You never imagined it either, did you?

So what to do? I have some good news. When you are diagnosed with cancer, you really
don’t have much control over anything. You think you do, but honestly you don’t.

However, I discovered one thing I could control. After talking to friends I decided to shave
my hair off before it fell out. For some, waking up with clumps of hair on the pillow is a
traumatic experience. In addition to the trauma of diagnosis and treatment, you are faced
with a hair 911 that must be dealt with right away. I was not going to take that route. There
is enough to handle without trying to muscle your way into the salon for an emergency hair
appointment.

Here’s what you, too, can do: shave it off. I could tell that some around me were a little
taken aback. First step? Talk to someone else who has been through this. Get
recommendations for hairdressers who have experience dealing with cancer patients.

Believe me, they will hold your hand through this process in every way. I had a consult
with the wonderful Hans, a gentle soul with the perfect manner who was a Washington
institution among women who had gone through what I was going through. I was to
discover later that he also volunteered in a program to help women cope with their changed
looks during cancer therapy. After that consult, at which I tried on a number of wigs, I
made an appointment. Hans encouraged me to bring people along and turn it into a party.
So that’s what we did. My husband and children, my sister and my girlfriends, sparkling
cider and cupcakes in tow, forty-eight hours after my first chemo session I had all my hair
shaved off.

I will not deny that the minute he took the razor to my head I was freaking out inside.

My teenage daughters looked on bravely, but I knew it was tough for everyone. Don’t
worry. It moves fast. Your friends are there with you, and before you know it, the hair is
gone. Give yourself permission to cry at this precise moment. You’ve cried for lesser hair
misdemeanors, and watching in the mirror as your hair is being shaved off is akin to
watching a federal crime being committed. But, I thought, I have a pretty nicely shaped
head! This revelation doesn’t stop you crying, or your daughters or your sister crying, but it
does make you hold your head up a little higher. Make sure you have great earrings on and
you are made up.
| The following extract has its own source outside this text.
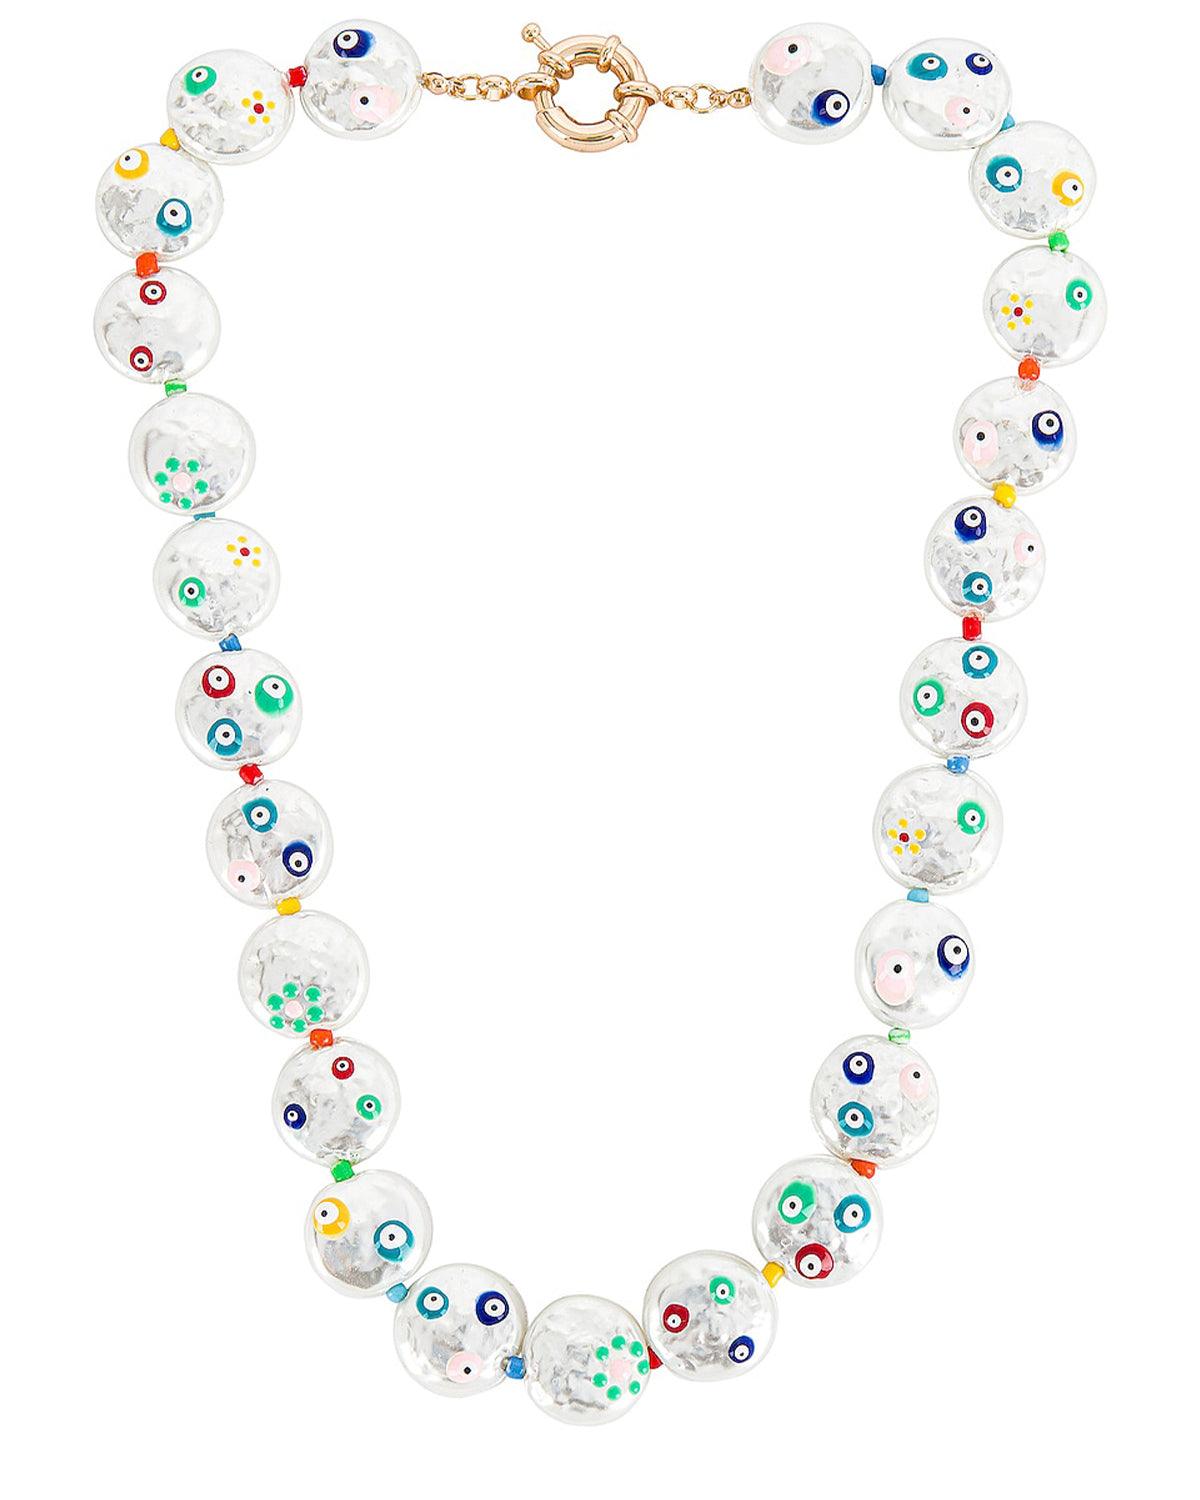 14k gold plated freshwater pearl necklace with a  spring clasp closure. Pearls have colorful dotted detailing. Necklace measures 18.5 inches long. 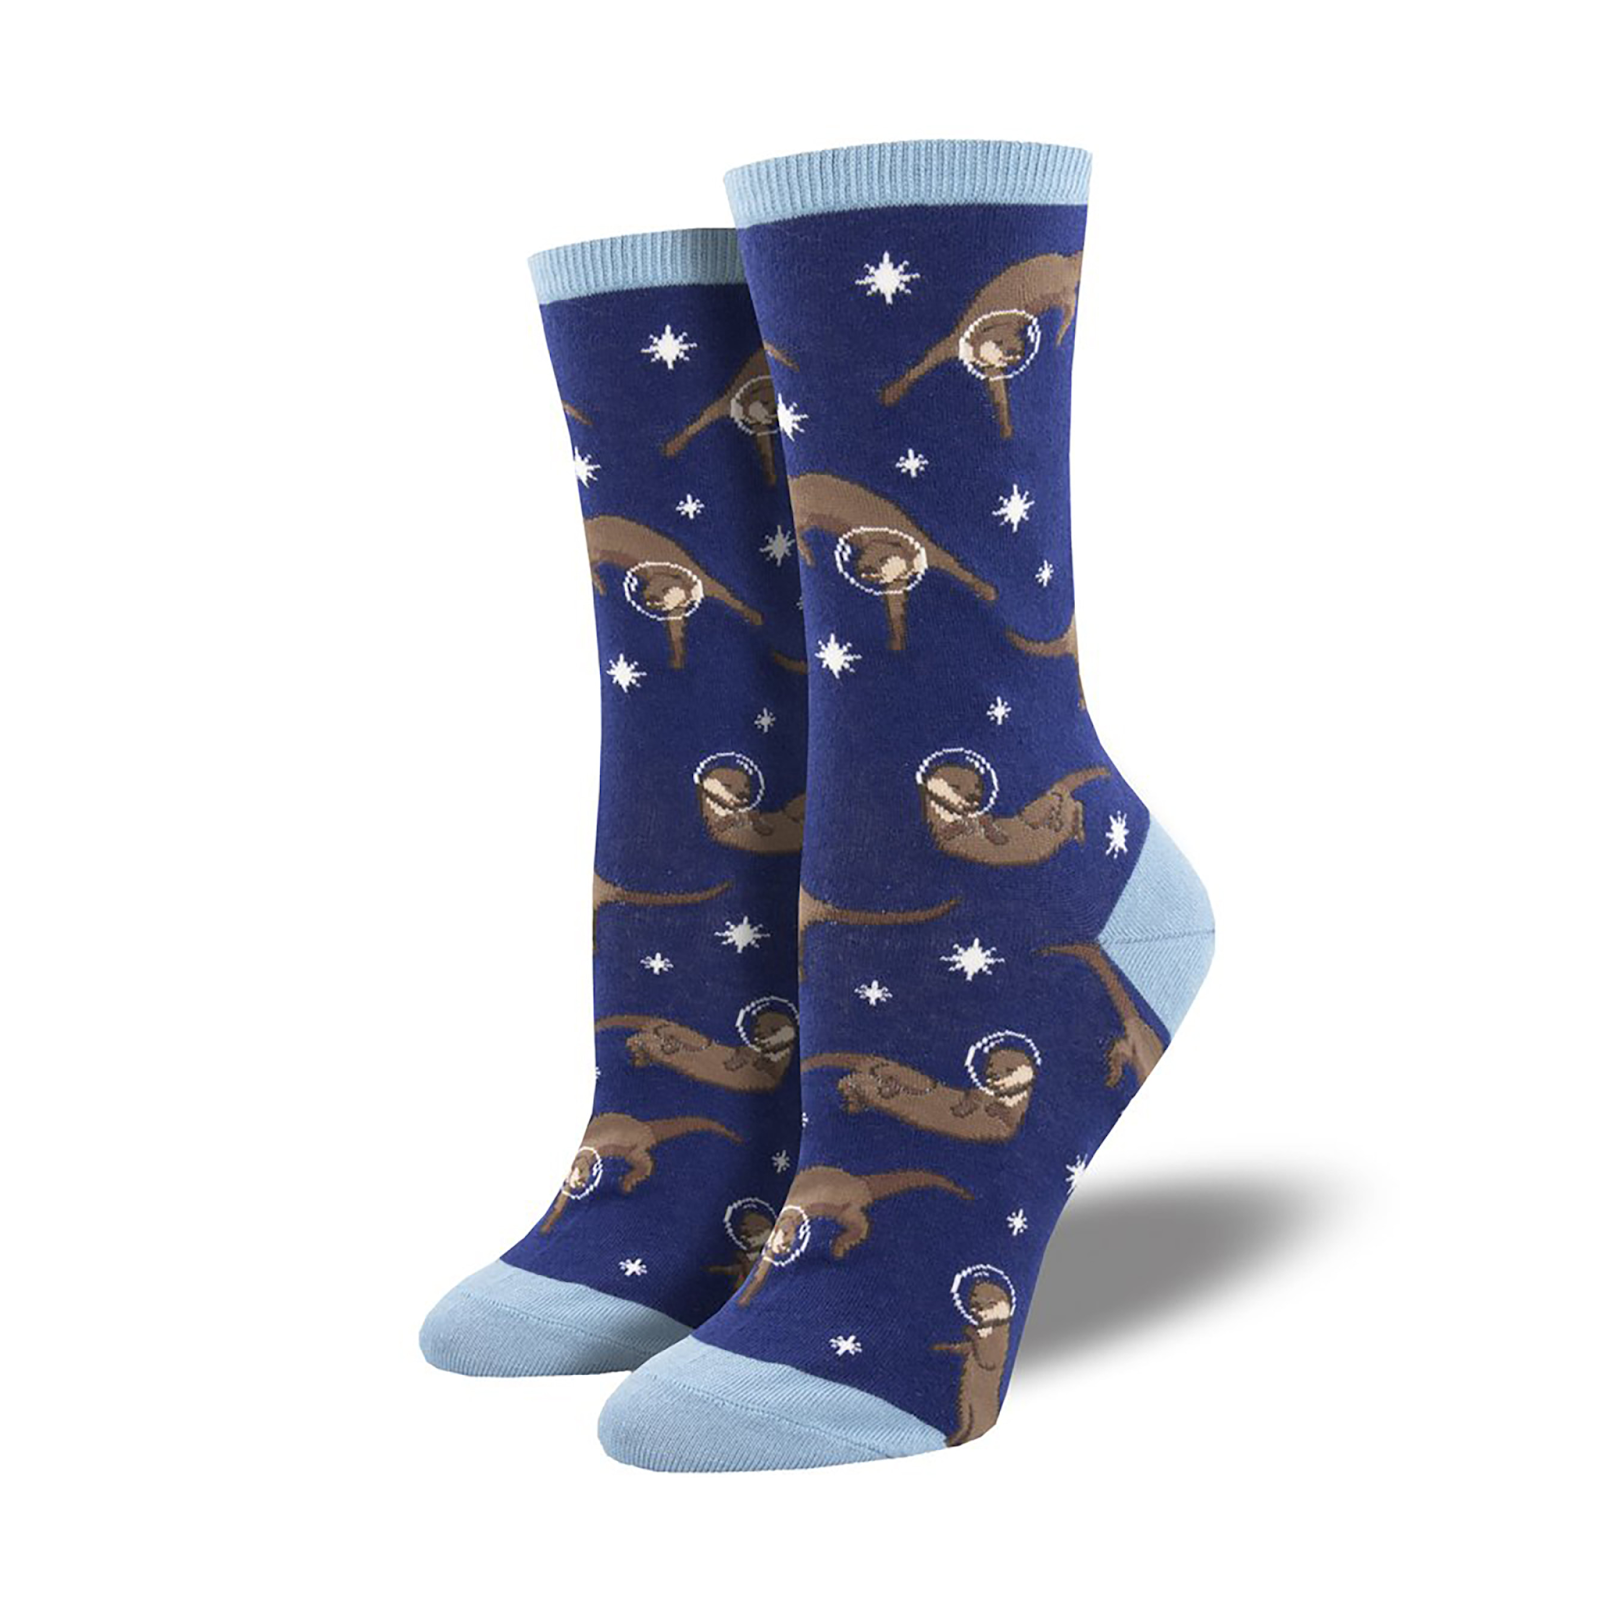 A blue pair of socks with a pattern.

If you have already chosen a wig, have your hairdresser trim it to fit your
new bald pate. VoilĂ ! Extreme makeover, cancer style.

Of course I was riddled with doubt. What if I had acted too soon? What if my hair
wasn’t going to fall out? In fact it didn’t, and I was full of righteous indignation. I had
stubble that was kind of growing almost immediately after I had shaved my head. “I’m a
hard-ass,” I told my oncologist. “It hasn’t fallen out yet. Maybe I shouldn’t have shaved
it.”
“It will,” she said, and she was right. A few days later my stubble rubbed off on my
hands in the shower. The floor looked a little like the sink does after my husband shaves,
with tell-tale stubble around. It was still a profound shock, and I cried inconsolably in the
shower. But I was grateful I wasn’t pulling out clumps of my shoulder-length hair (and
clogging up the drain).

Now how about the hair not on your head? That depends on the chemotherapy drugs
you are on. Chances are some or all of it will go. Believe it or not, it’s not as traumatic as it
could be. No eyebrows? Very bad (see “L Is for Looks”). Leg hair? Well, no waxing for
the duration of my treatment, so not so bad. The same for underarm hair. For those of us
who have inherited the hirsute characteristics of our ancestors, this was some very
welcome news.

What happens to your hair is important. There were many times when I was up in the
middle of the night and saw a scary thing in the mirror: a bald me with no eyebrows and
sallow skin and a face so puffed up from steroids that I looked like a billiard ball or
Nosferatu (see “L Is for Looks” again). But I’m here to tell you it passes and your hair
grows back really quickly once you have completed your treatment.

In the Hindu faith, there is a tradition to perform a mundan on a child’s first birthday.
The head is completely shaved to rid the child of all the negativity of previous lives, the
undesirable traits of previous incarnations, so that the child can start anew. I didn’t have
one of those when I was one year old, so I approached my haircutting as a mundan
ceremony forty-seven years delayed—the first step on the road to new, post-cancer
beginnings.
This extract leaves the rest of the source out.